I'd like to think our media had some shred of decency left and was holding back on speculation until there was some official announcement. I have heard them quoting rescue workers as saying they were "pushing the dead aside to get to the living," but as of yet I haven't seen *one* body on the news or heard any speculation on total casualties.
Not necessarily true.
Situation is so overwhelming, with so many of the ordinary things gone (like passable roads, electricity, working phones, light after dark, elementary sewage disposal, food, water) that people don't have TIME or EFFORT to look at the big picture.
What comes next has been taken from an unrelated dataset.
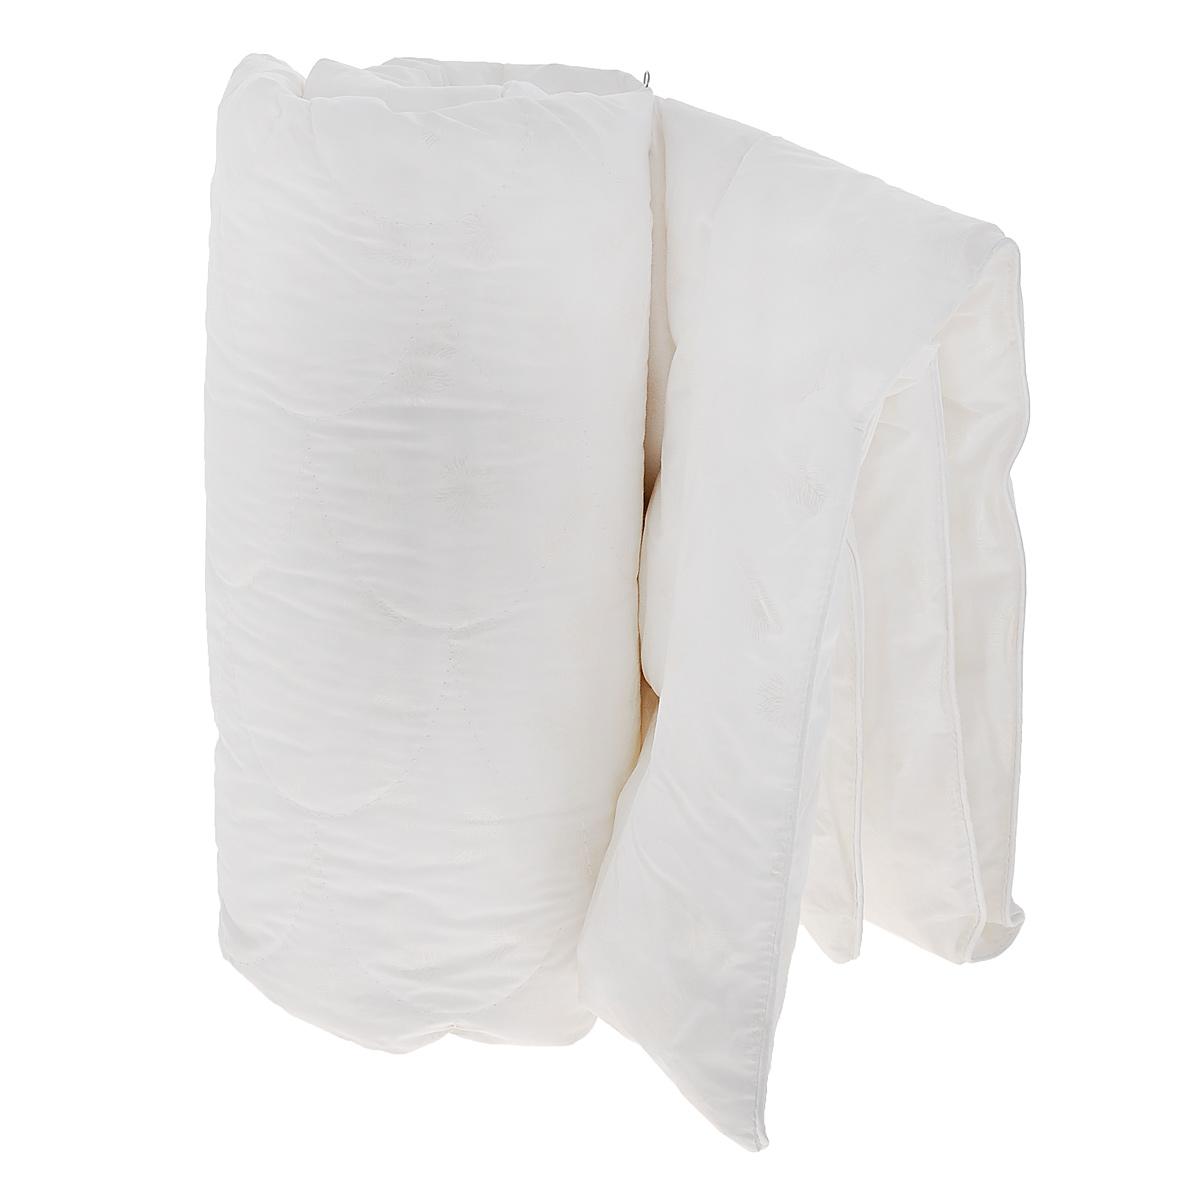 Одеяло детское Облачко, наполнитель: искусственный лебяжий пух, 110 см х 140 см156969Одеяло Облачко подарит комфортный сон вашему малышу. Чехол изготовлен из 100% хлопка, наполнитель - искусственный лебяжий пух. Мягкий и необычайно легкий наполнитель обеспечит оптимальную терморегуляцию пододеяльного пространства, а плотная и легкая дышащая ткань создаст условия, исключающие парниковый эффект и перегрев ребенка во время сна. Искусственный пух не вызывает аллергию и раздражение кожи малыша. Сложная фигурная стежка одеяла обеспечивает возможность его стирки столько раз, сколько это будет необходимо. Материал чехла: 100% хлопок. Материал наполнителя: искусственный лебяжий пух.

And if they did release the news all at once, the US stock market would crumble at the thought of all the $$ and work it will take to regroup...not to mention speculators on commodities, etc.
Prayers for all!
"Tass and Pravda in the USSR also blocked bad news. Sovietization of America is ongoing, and control of the news is part of it."
I would not jump to the conclusion that there is a suppression of news going on. Media personnel go where they are able to go during widespread disasters and report on the details of what they can themselves see and photograph. The result of this fact is the often distorted impression that the worst is happening in one area, since that's the area they all keep showing. Reporting is far from an exact science and when events are changing fast and confusion and panic and danger are everywhere, editors are not going to send reporters where their safety is in sure jeopardy. In this case, the devastation is in many places at once.
The media are headquartered in big cities to start with. Other reports from smaller places will surely follow in due time.
"Tass and Pravda in the USSR also blocked bad news. Sovietization of America is ongoing, and control of the news is part of it."
I love it -- if the media doesn't report the news bad enough, they've become Tass and Pravda. But if they were reporting thousands dead, others on FR would accuse them of hyping the story for ratings. Let's see, maybe if they reported a few hundred dead?. Then they wouldn't be Pravda or hyping it.
Unless you've done it before (I have, although not in something this large), you don't have the slightest idea what it's like trying to get good info in a disaster.